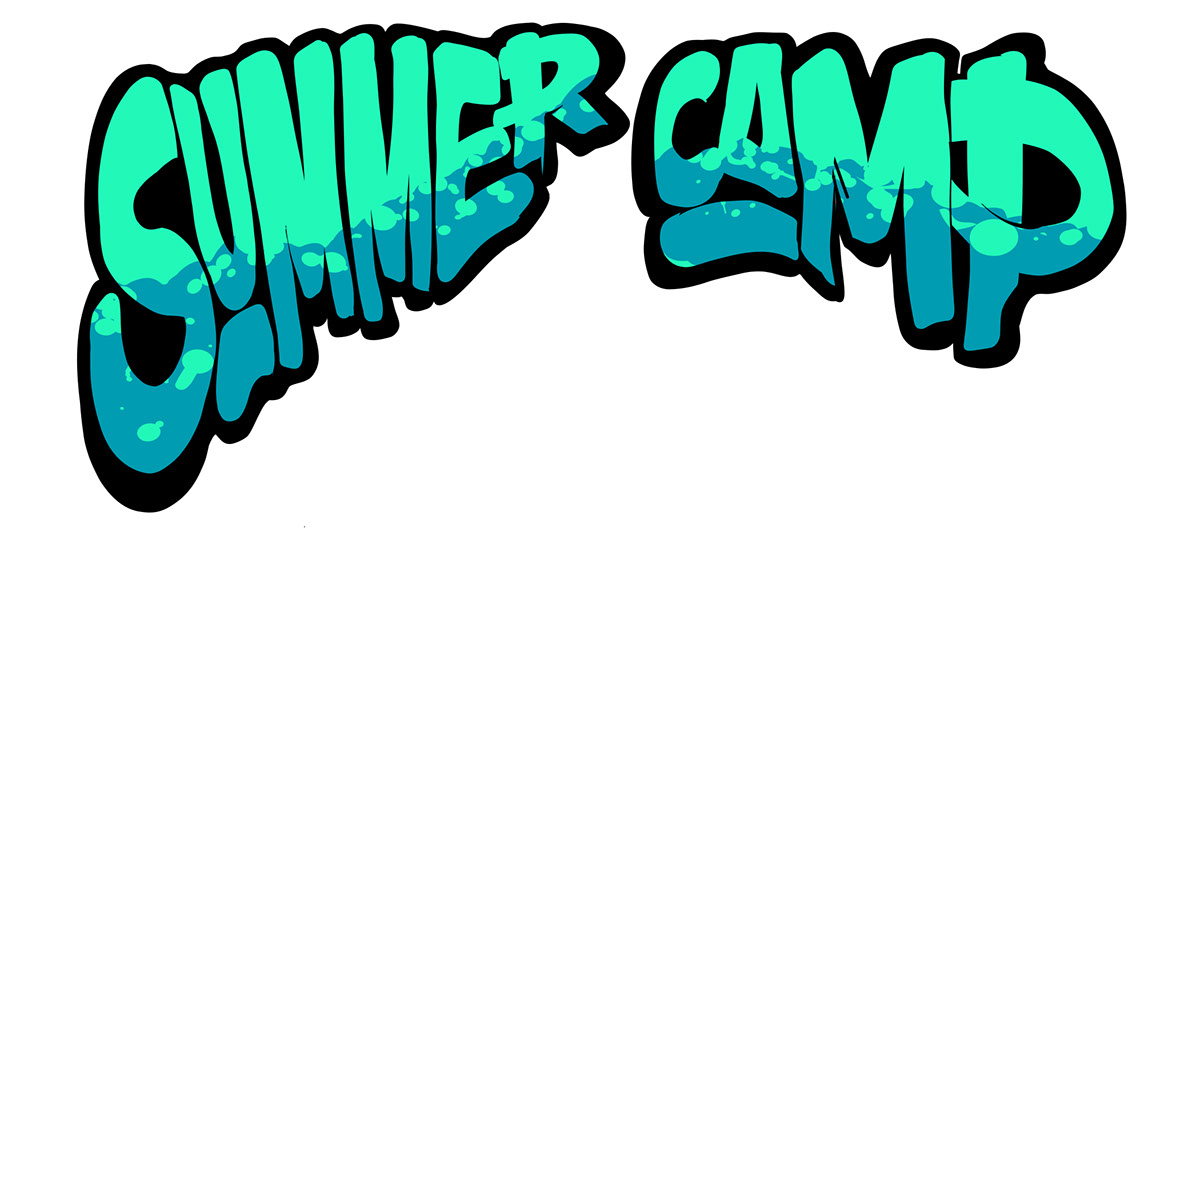 Summer Camp Skull rendition image
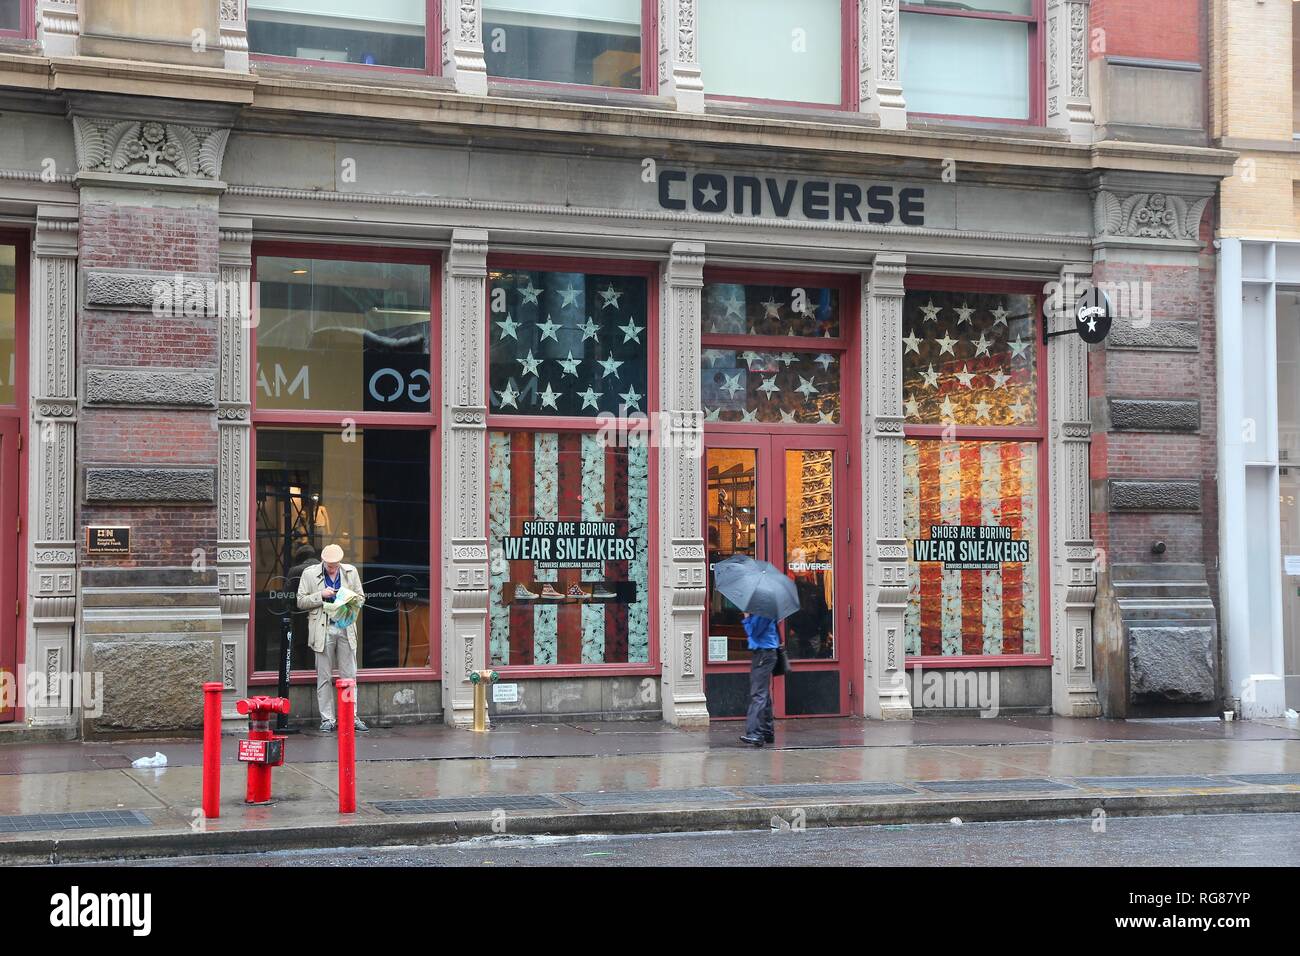 buy \u003e tiendas de converse en estados unidos, Up to 64% OFF
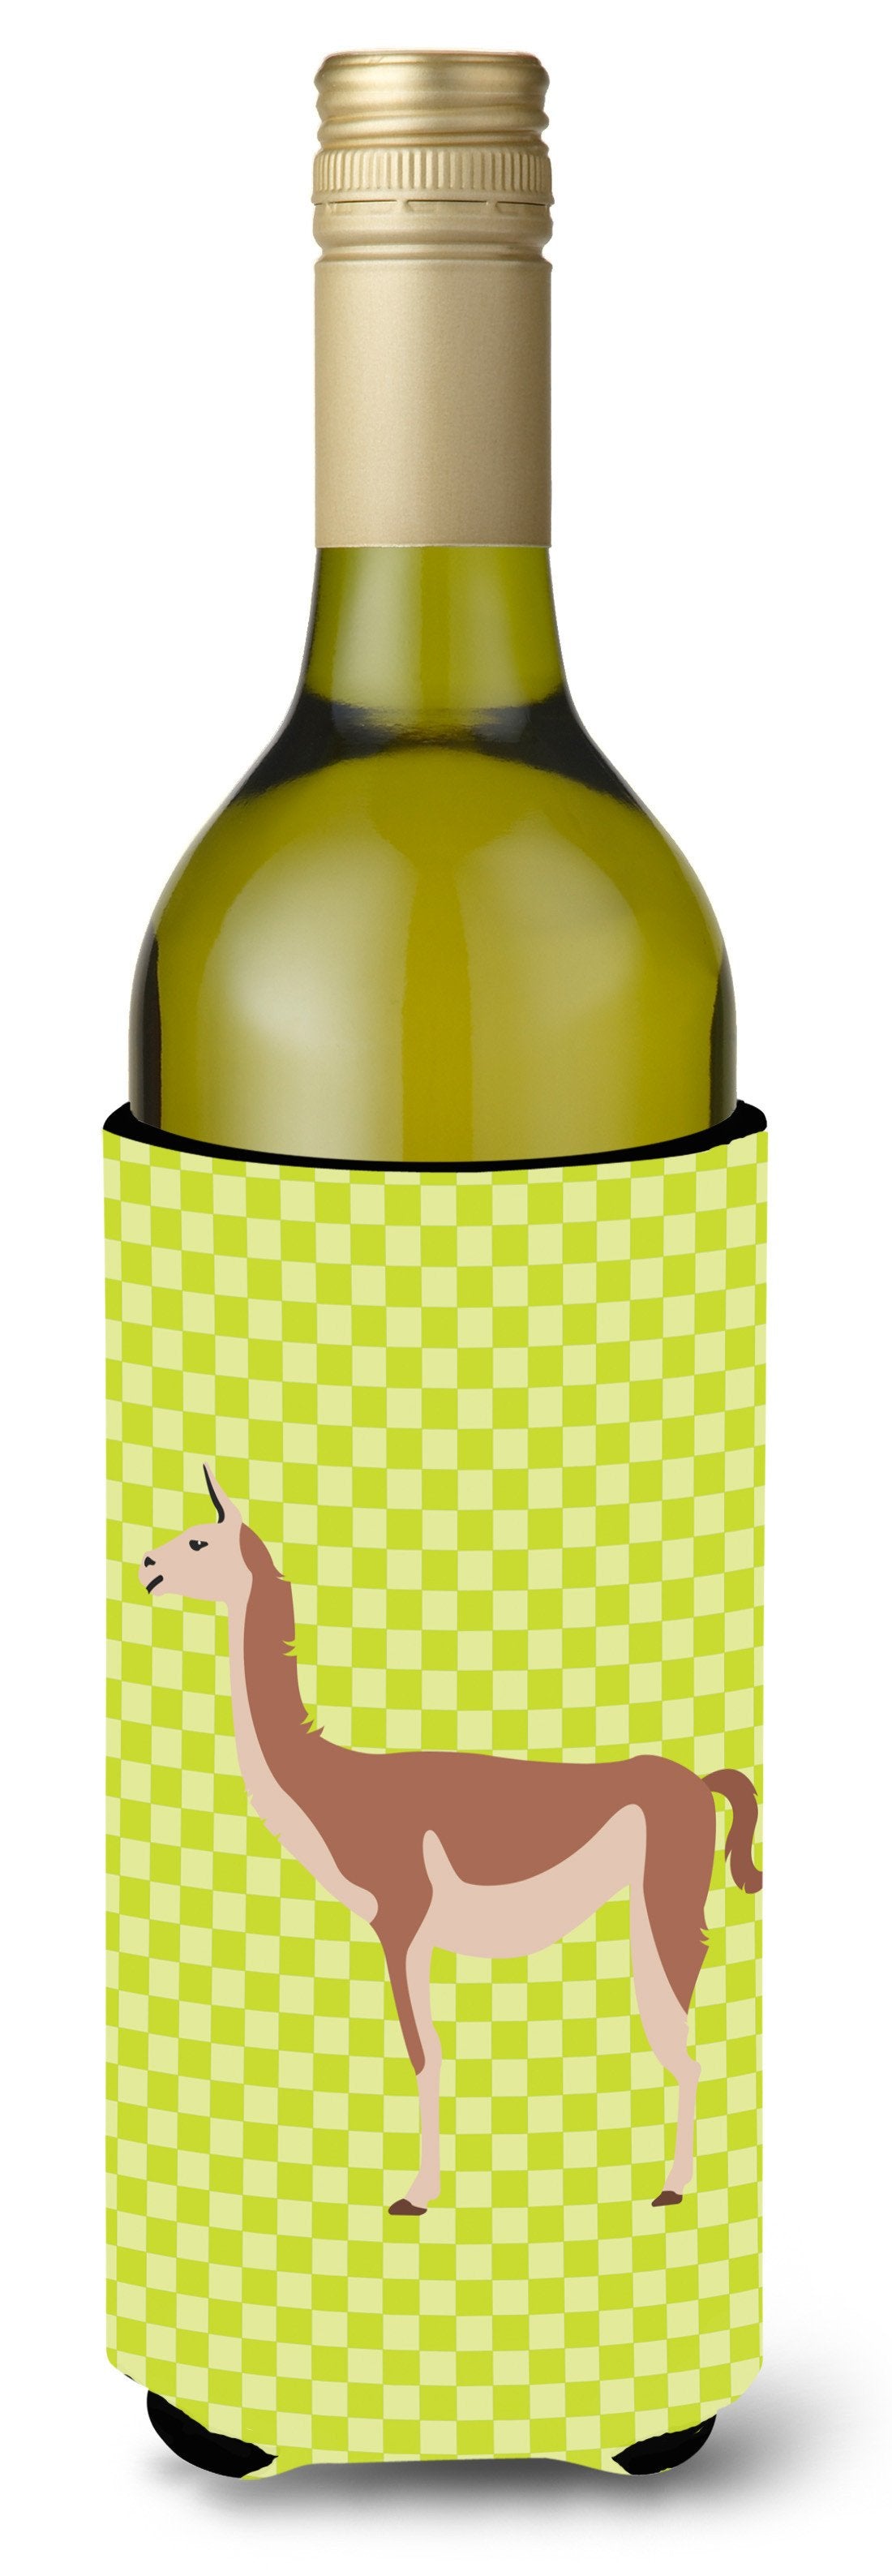 Guanaco Green Wine Bottle Beverge Insulator Hugger BB7747LITERK by Caroline's Treasures

# # # # #

[Task prompt]
Copy the data in full. No pictures belong in the copy.

[Response to the task]
 Summer Camp Skull rendition image
 buy \u003e tiendas de converse en estados unidos, Up to 64% OFF
 Guanaco Green Wine Bottle Beverge Insulator Hugger BB7747LITERK by Caroline's Treasures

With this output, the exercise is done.